> _TASK_: Leaving out every picture, please repeat exactly the line that contains "HKPM Showtime Carnival" and each line after it through the final line below.

*** SUPPLIED MATERIAL ***

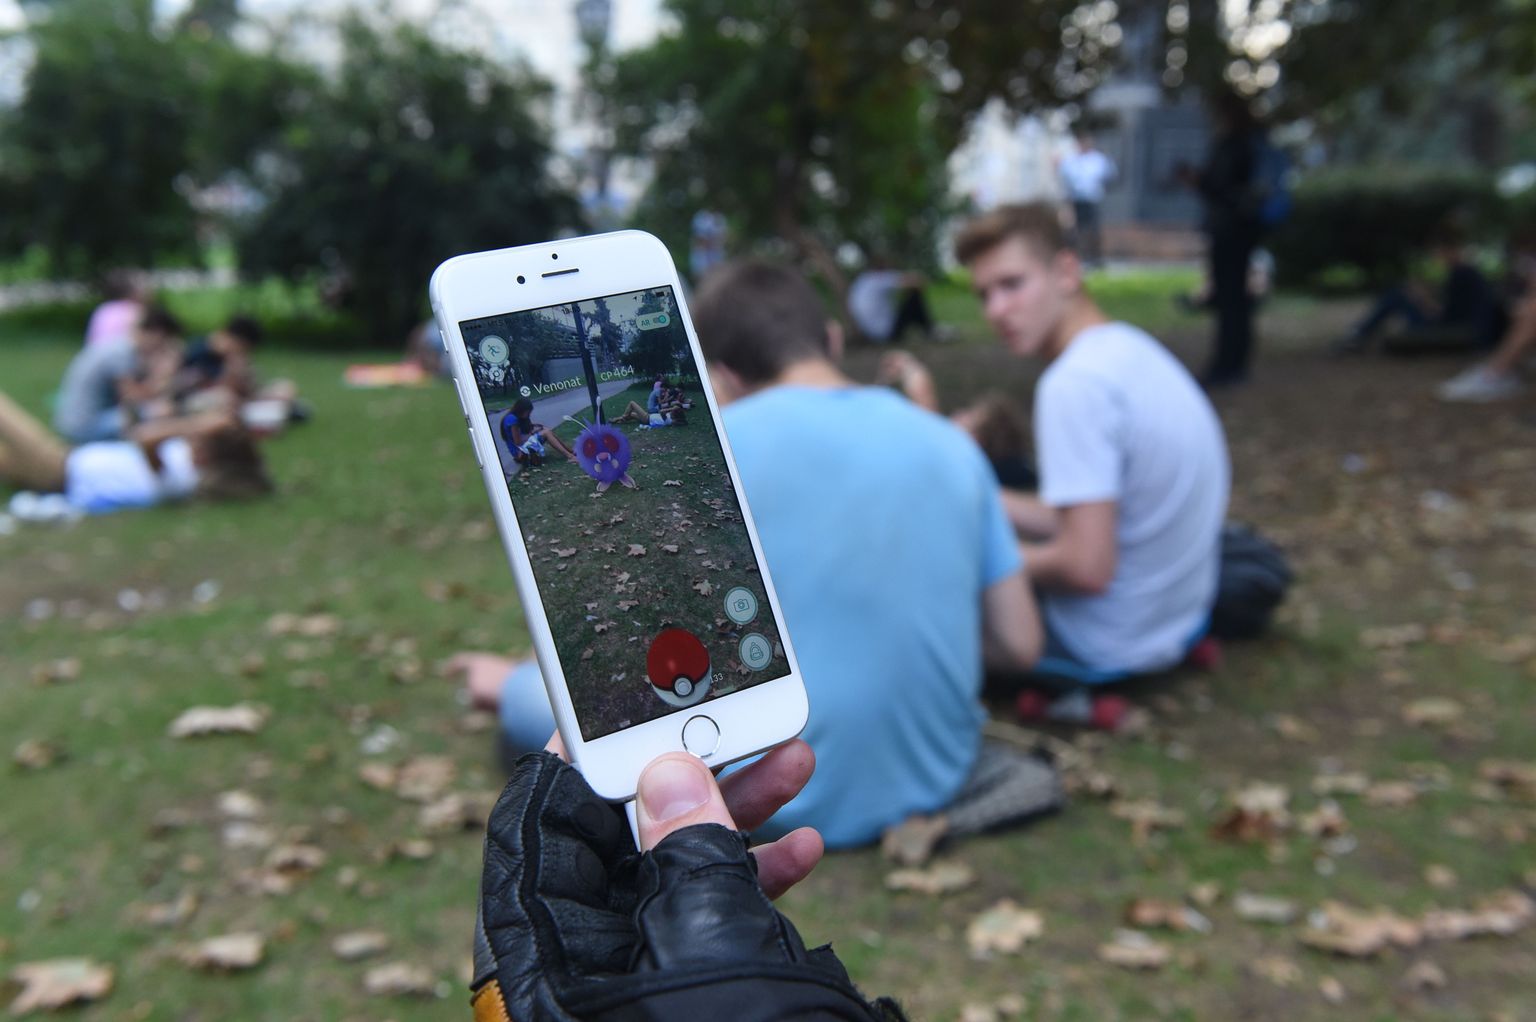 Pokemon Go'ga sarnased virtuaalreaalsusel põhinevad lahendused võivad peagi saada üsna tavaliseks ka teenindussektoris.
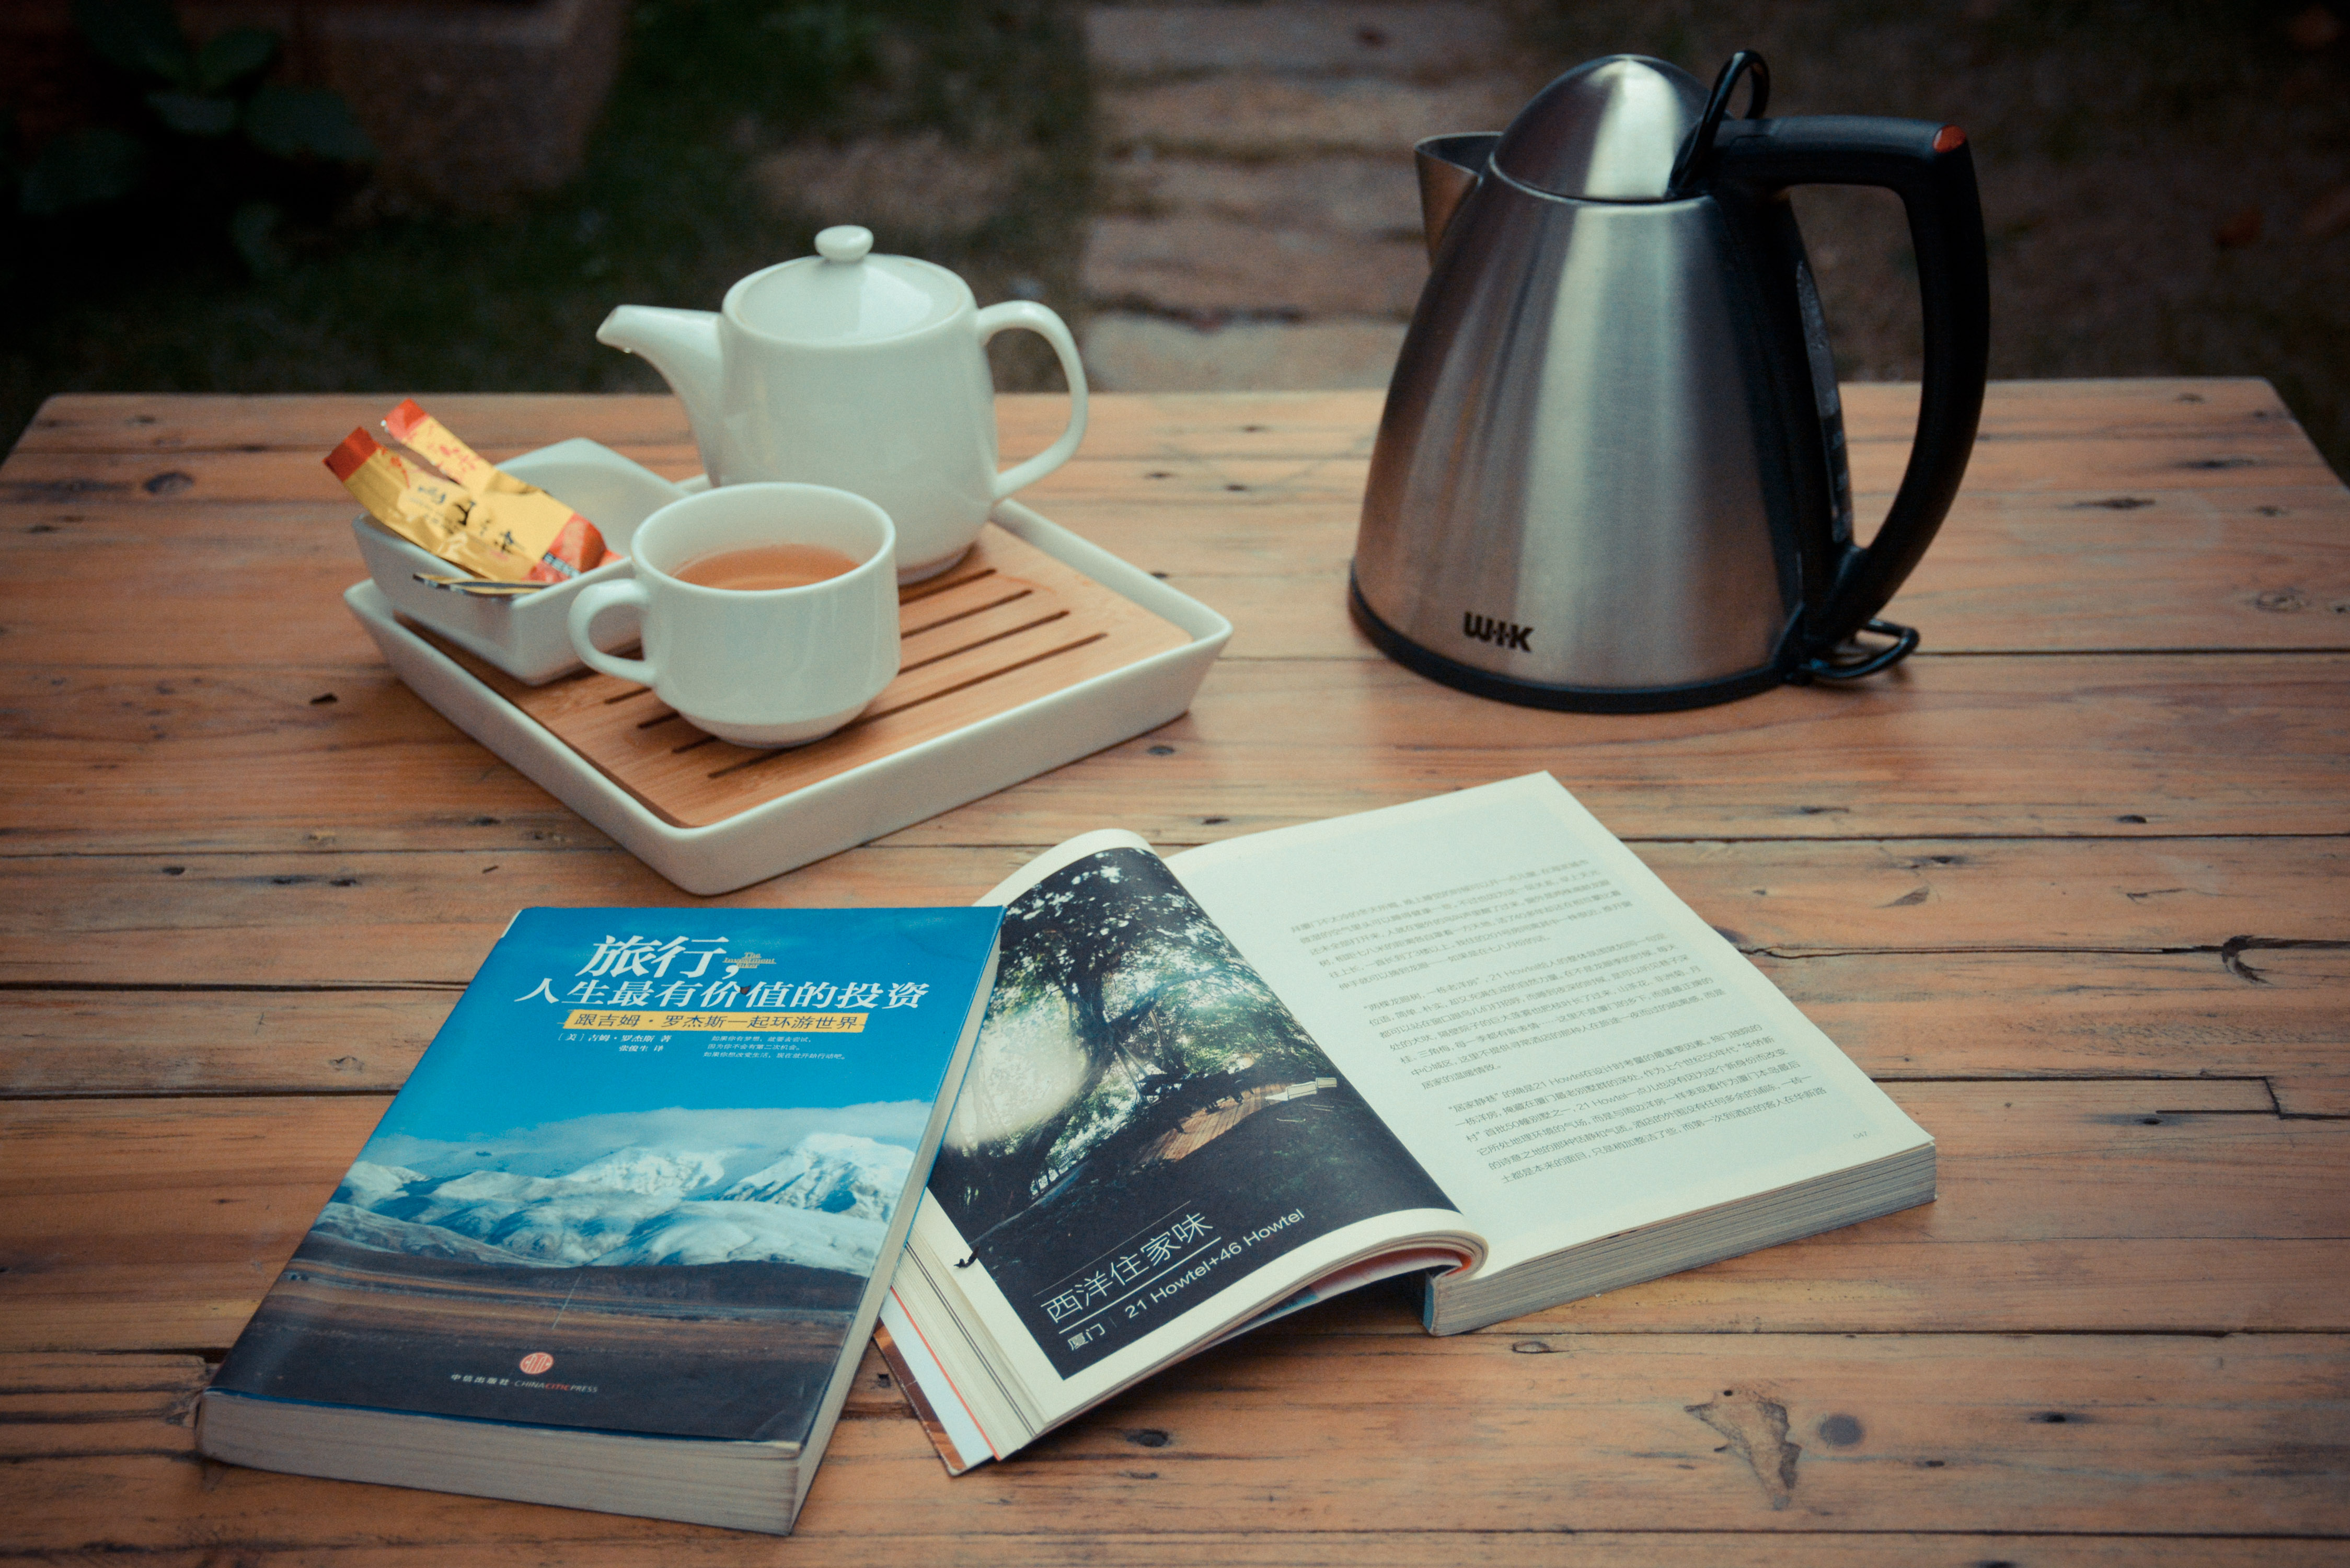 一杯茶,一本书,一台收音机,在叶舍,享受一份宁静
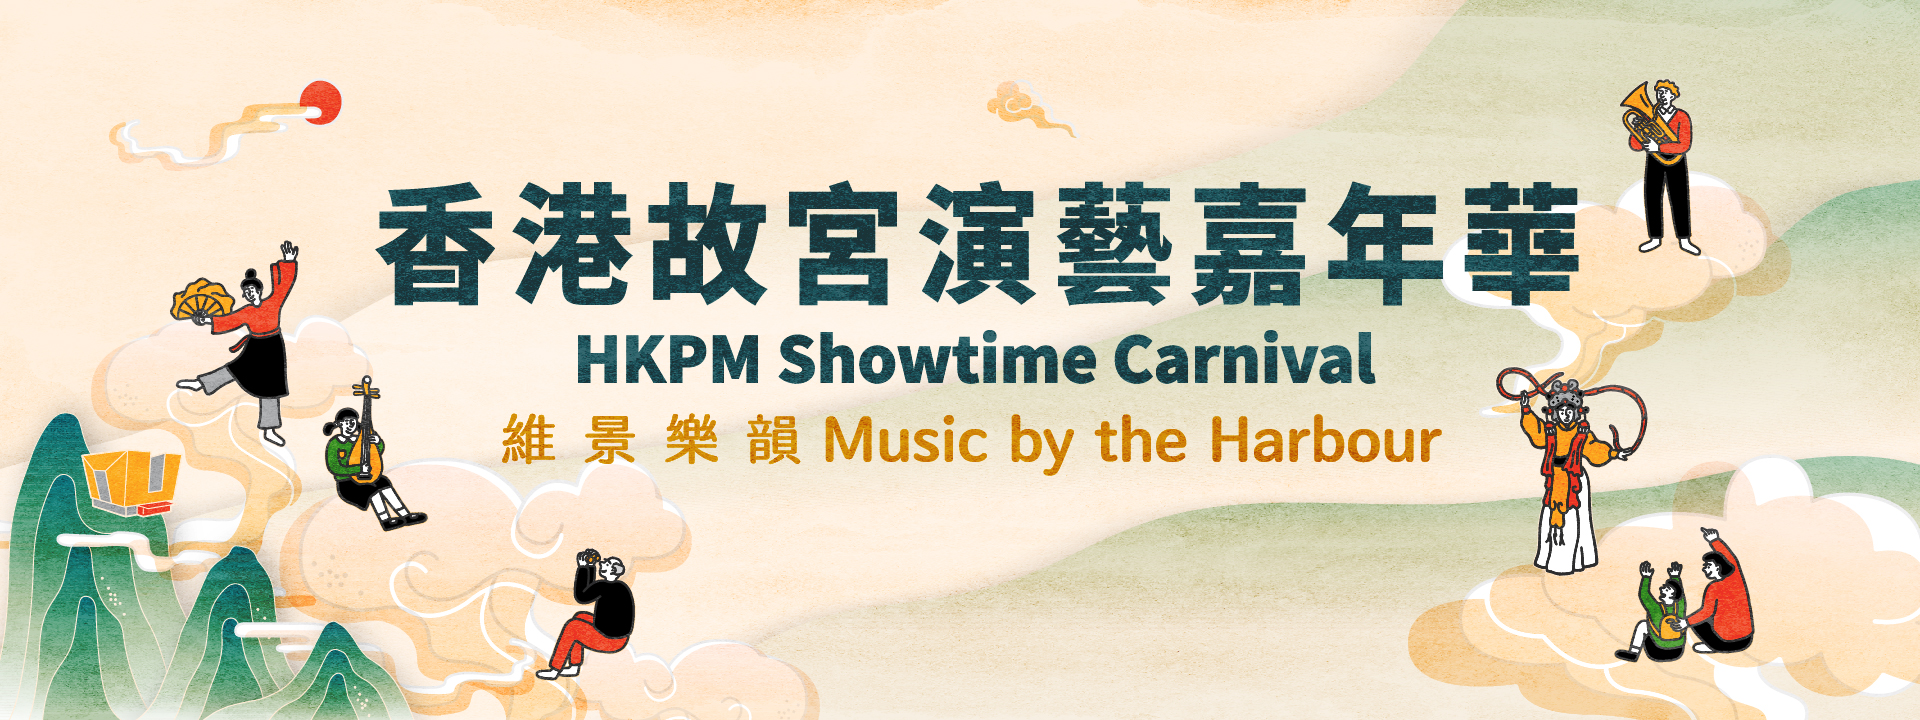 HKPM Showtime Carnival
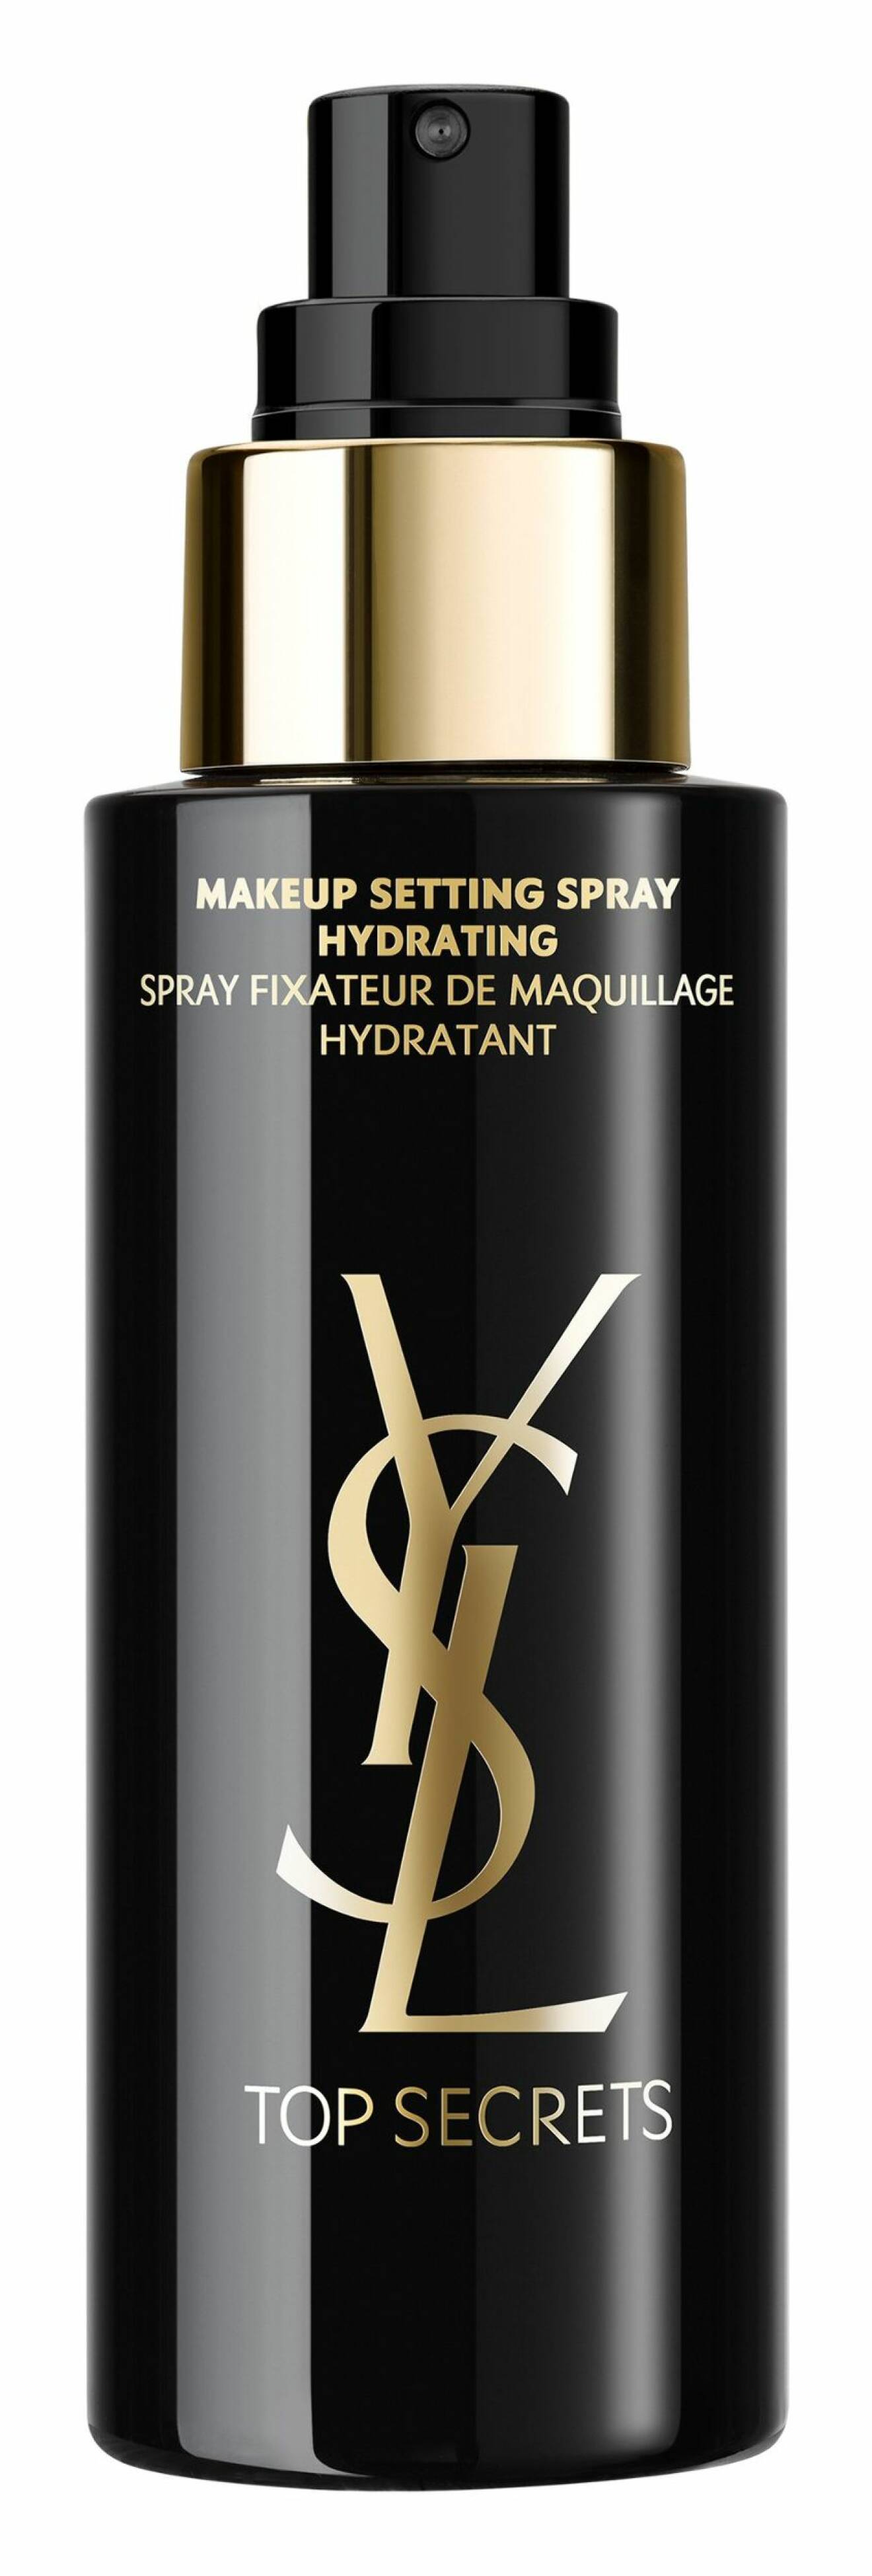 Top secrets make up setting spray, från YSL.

*** End of SUPPLIED MATERIAL ***

> _WORKED SOLUTION_:
 HKPM Showtime Carnival
 Top secrets make up setting spray, från YSL.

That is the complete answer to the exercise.